Arpi folded a napkin in front of herself. “You know, Nell, there are certain factions of feminism now wherein the ‘Karen’ meme has come into hot debate because of the alleged misogyny behind it as it seeks to silence assertive women who have finally learned to stand up for themselves after centuries of systematic, intergenerational oppression.”

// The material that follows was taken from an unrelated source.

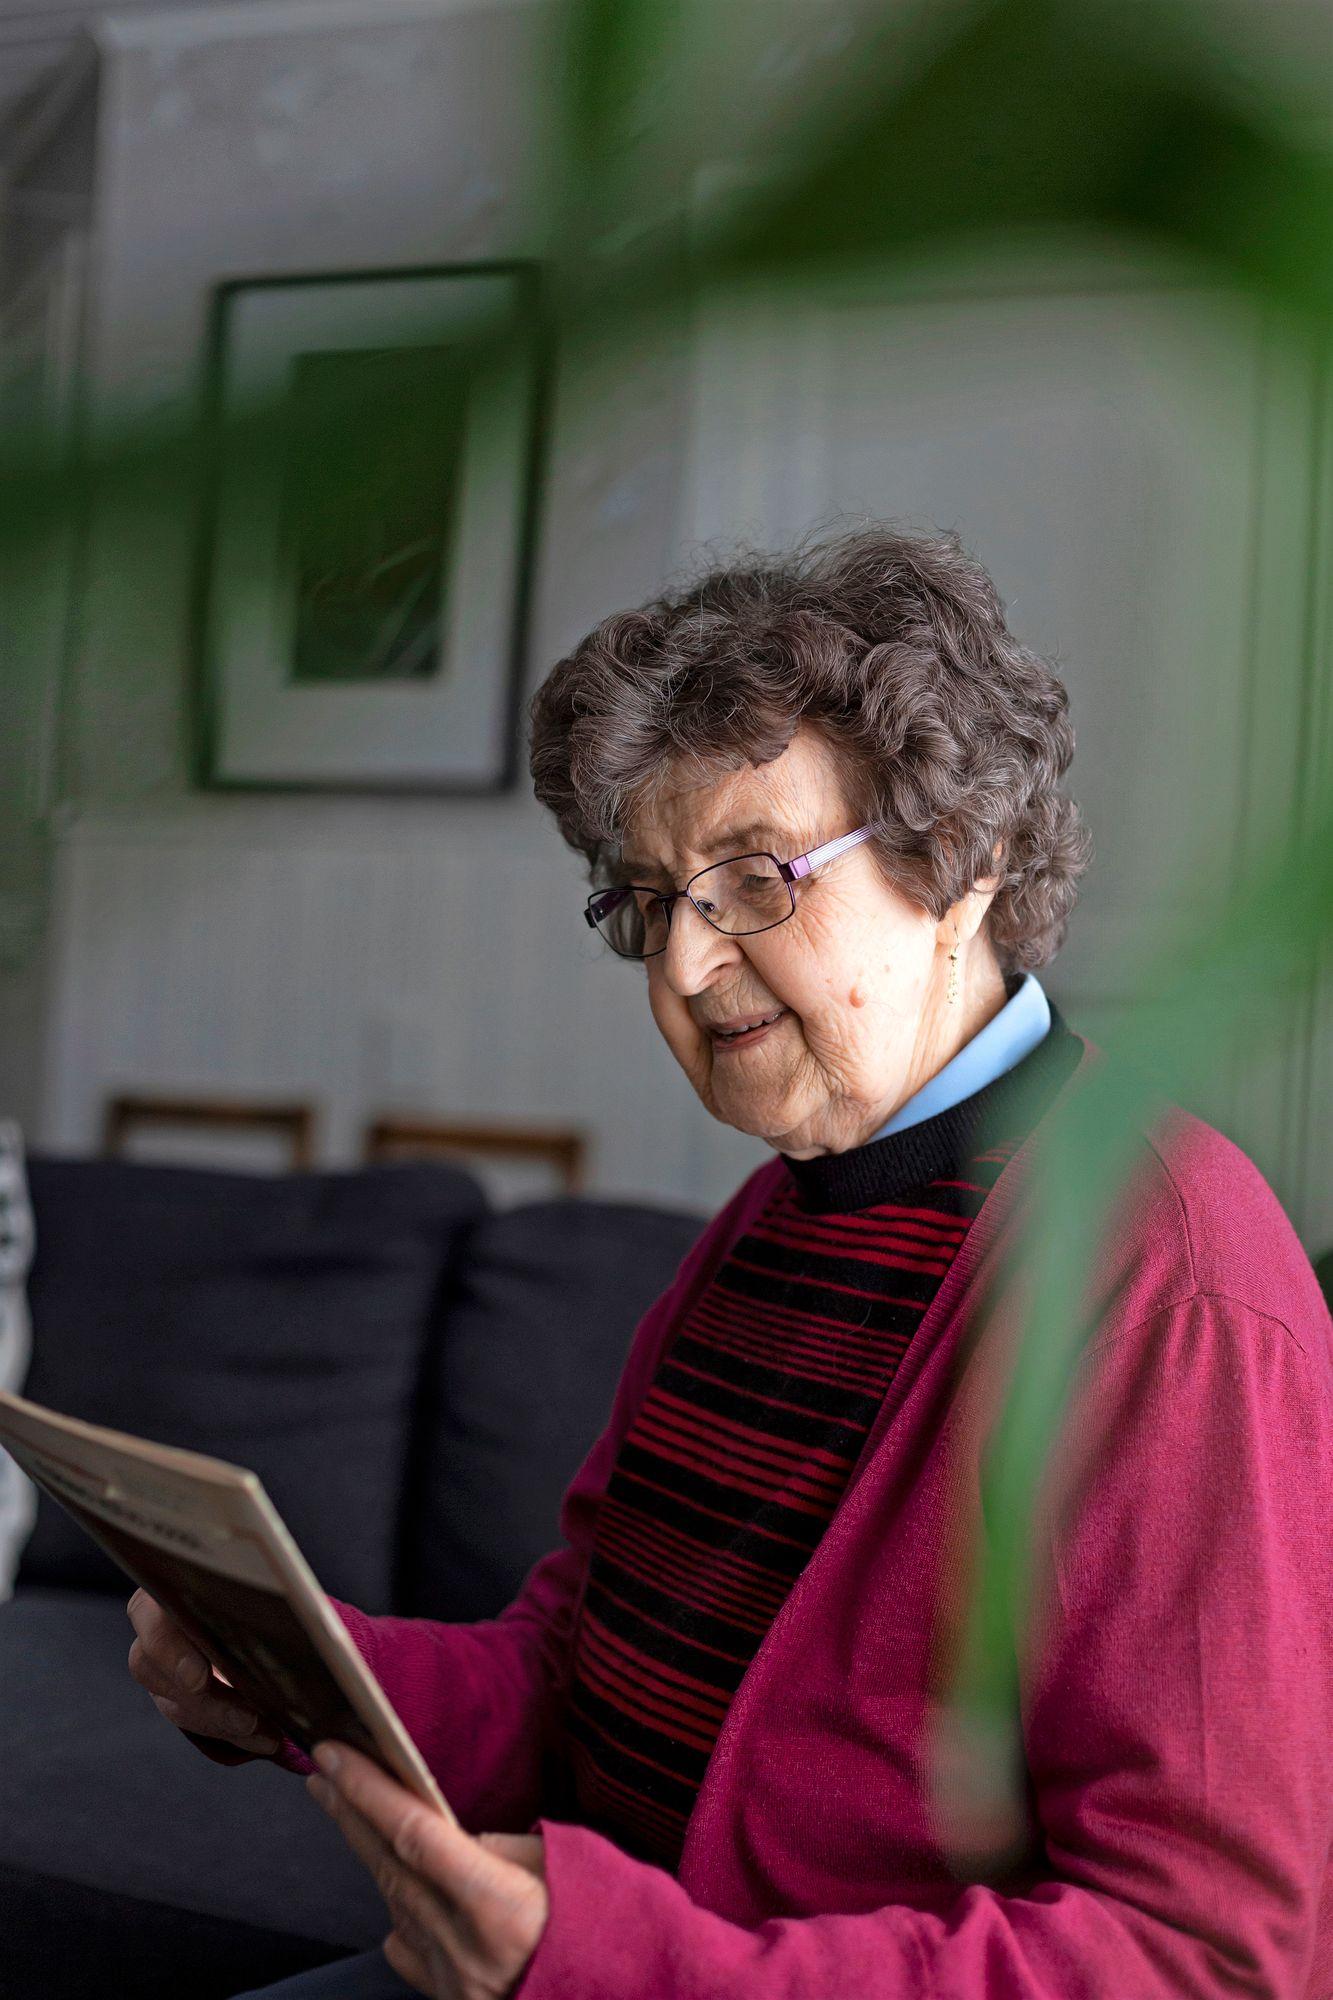 """86-vuotias Rauni Mathlin suree pojanpoikansa ja muiden työntekijöiden puolesta. """"Vuosikymmeniä on palveltu ja nyt loppuu leipä. Pahalta se tuntuu."""" © Susanna Chazalmar"""

Nell and Susan both sat at the bench with them; Mikaela scooted around closer to Arpi to make room as she and Nell both laughed at Arpi’s flat statement. _ Was there a joke in there somewhere? _ At some point, when Arpi used enough big words, Mikaela stopped listening and started to go to sleep. Arpi continued, “This is the mayor’s Chief of Staff, Mikaela Shaw. Mikaela, you know Susan, and this is her wife, Nell. Nell runs a subsidiary branch of the zoning boards through city hall. She’s been helping with one on one outreach in convenience stores in districts fourteen, nine, and one.”

Mikaela frowned. “Are we sure getting the people in district fourteen to eat bananas is where we want to start? Skid Row needs a lot of help, but I don’t think they’re going to get it just from us putting cartons of eggs in the closest 7-Eleven.”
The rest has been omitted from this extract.